With Claude Code, you can use less prompting, and Claude will get token happy and expand on your request. Great for greenfield/vibing, bad for iterating on existing projects.
With Codex CLI, GPT-5 seems to handle instructions much more precisely. It won't just go off on it's own and do a bunch of work, it will do what you ask.
I've found that being more specific up-front gets better results with GPT-5, whereas with Claude, being more specific doesn't necessarily stop the eagerness of it's output.
As with all LLMs, you can't compare apples to oranges, so to clarify, my experiences are primarily with Typescript and Rust codebases.
It seems that the concept of file moving isn't something Codex (and other clis) handle well yet. (Same goes for removing. I've ~never seen success in tracking moves and removes in the git commit if I ask for one)
I don't have a test like that on hand so I'm really curious what all you prompted the model, what it suggested, and how much your knowledge as a SWE enabled that workflow.
I'd like a more concrete understanding if the mind blowing nature is attainable for any average SWE, an average Joe that tinkers, or only a top decile engineer.
I chose to turn on Cursor's pay per usage within the Pro plan (so I paid $25, $20+$5 usage, instead of upgrading to $60/m) in order to keep using Claude because it's faster than Grok
Ditched my Claude code max sub for the ChatGPT pro $200 plan. So much faster, and not hit any limits yet.
The $200 pro feels good value personally.
What?
For people that have not tried it in say ~1 month, give Codex CLI a try.
My essentials for any coding agent are proper whitelists for allowed commands (you can run uv run <anything>, but rm requires approval every time) and customisable slash commands.
I can live without hooks and subagents.
This is a nearly impossible problem to solve.
uv run rm *
Sandboxing and limiting its blast radius is the only reliable solution. For more inspiration: https://gtfobins.github.io/
Granted, it's not an apples-to-apples comparison since Codex has the advantage of working in a fully scaffolded codebase where it only has to paint by numbers, but my overall experience has been significantly better since switching.
2) ask it to implement plan
That's the way to work with Claude.
Other systems don't have a bespoke "planning" mode and there you need to "tune your input prompt" as they just rush in to implementation by guessing what you wanted
It is super annoying that it either vibe codes and just edits and use tools, or it has a plan mode, but no in-between where it asks me whether it's fine it does a or b.
I'm not understanding why it lacks such a capability, why in the world would I want to choose between having to copy paste the edits or auto accept them by default...
I want it to help me come up with a plan, execute and check and edit every single edit but with the UX offered by claude, Codex is simply atrocious, I regret spending 23 euros on this.
I see the visual studio code extension does offer something like this, but the UX/UI is terrible, doesn't OAI have people testing those things?

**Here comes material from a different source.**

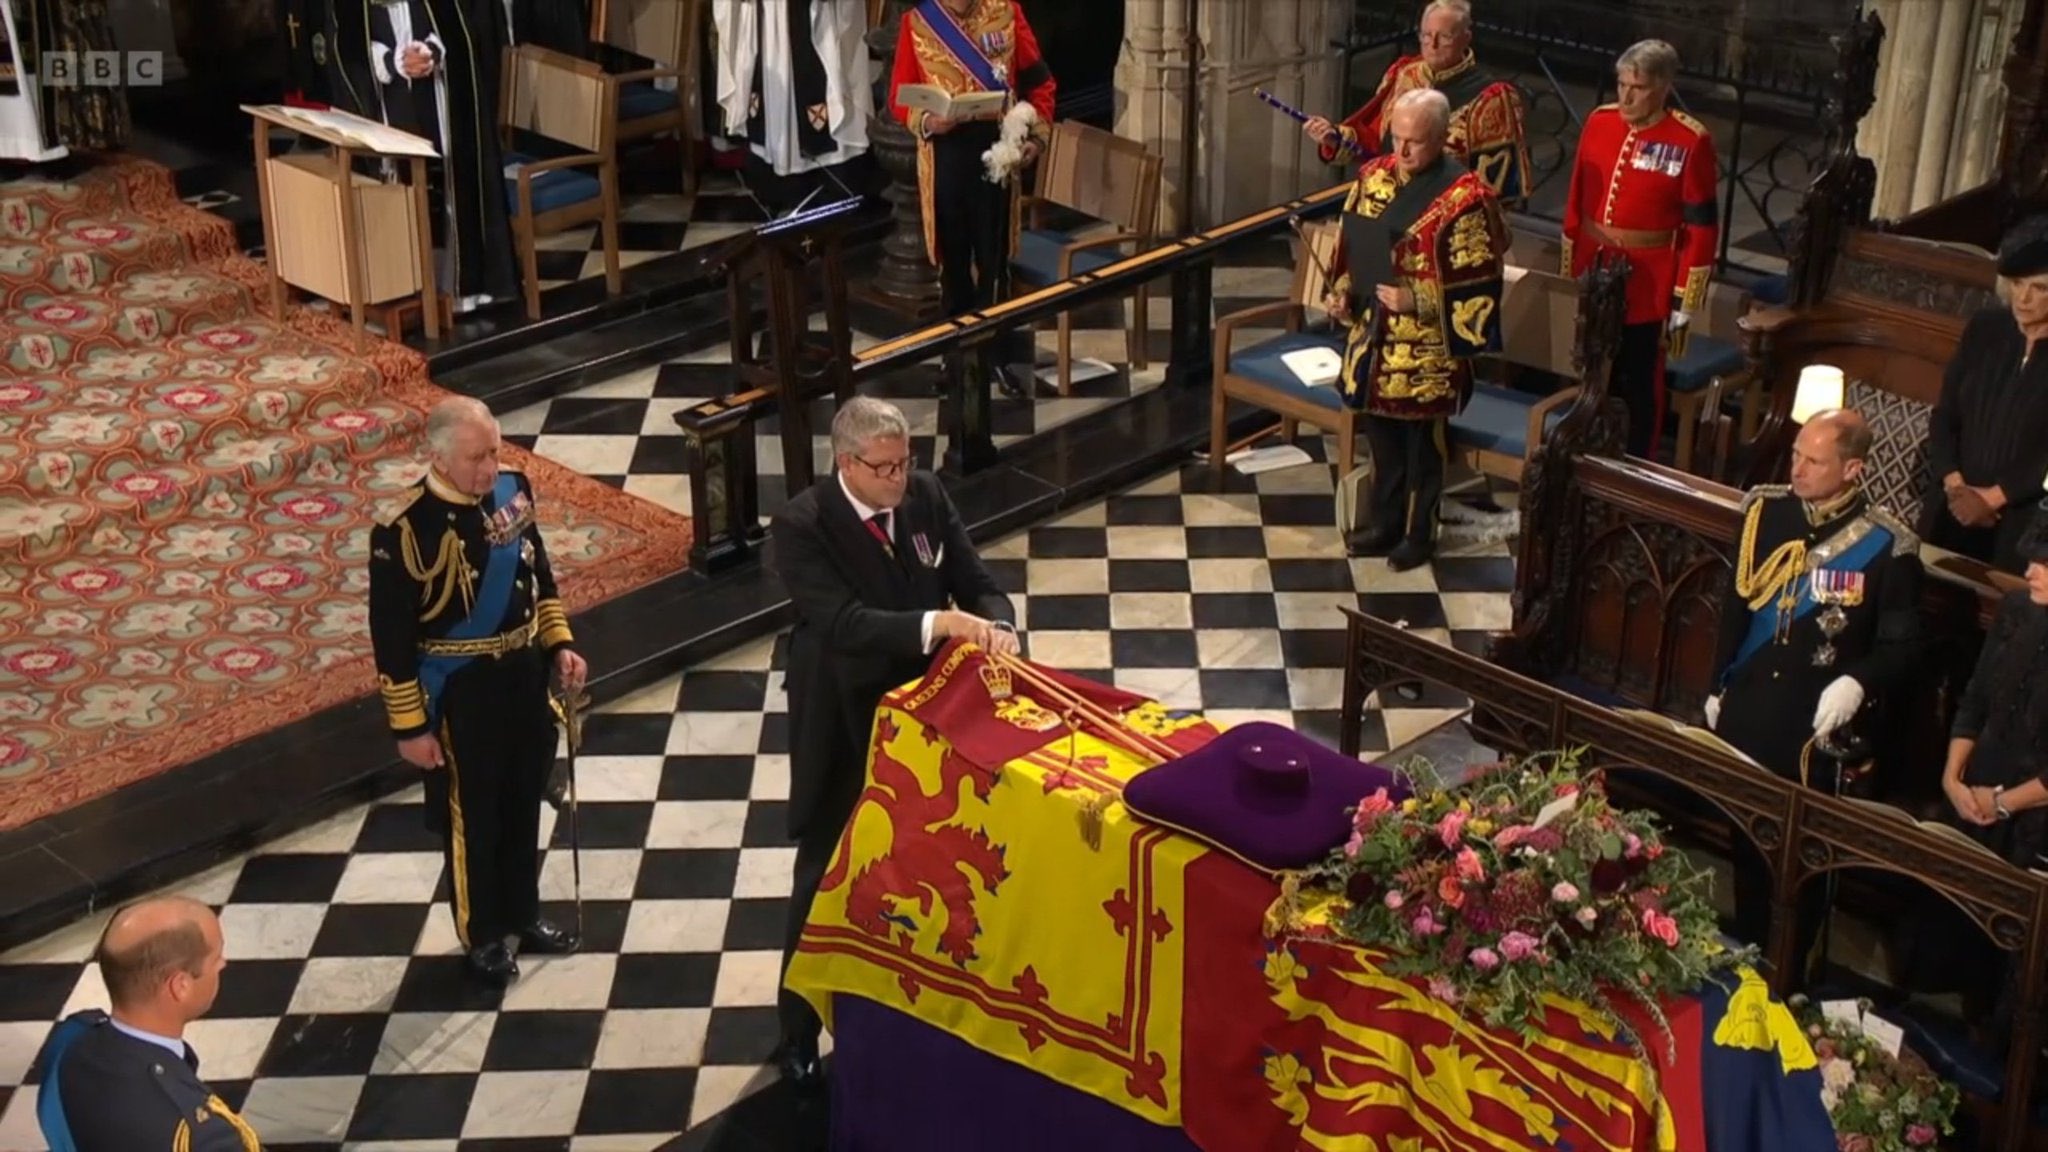 AscoltiTV 19 settembre 2022: I funerali di Elisabetta II cambiano il daytime, parte il GFVip, Lolita Lobosco, Taken 3, I mercenari, Quarta Repubblica

The code is unreadable in that small window[1], doesn't show the lines above/below, it doesn't have IDE tooling (can't inspect types e.g.).
https://i.imgur.com/mfPpMlI.png
This is just not good, that's the kind of AI that slows me, doesn't help at all.
Both were struggling yesterday, with Claude being a bit ahead. Their biggest problems came with being "creative" (their solutions were pretty "stock"), and they had trouble making the simulation.
Tried the same problem on Codex today. The design it came up with still felt a bit lackluster, but it did _a lot_ better on the simulation.
LLM designed UIs will always look generic/stock if you don’t give it additional prompting because of how LLMs work - they’ve memorized certain design patterns and if you don’t specify what you want they will always default to a certain look.
Try adding additional UI instructions to your prompts. Tell it what color scheme you want, what design choices you prefer, etc. Or tell it to scan your existing app’s design and try to match it. Often the results will be much better this way.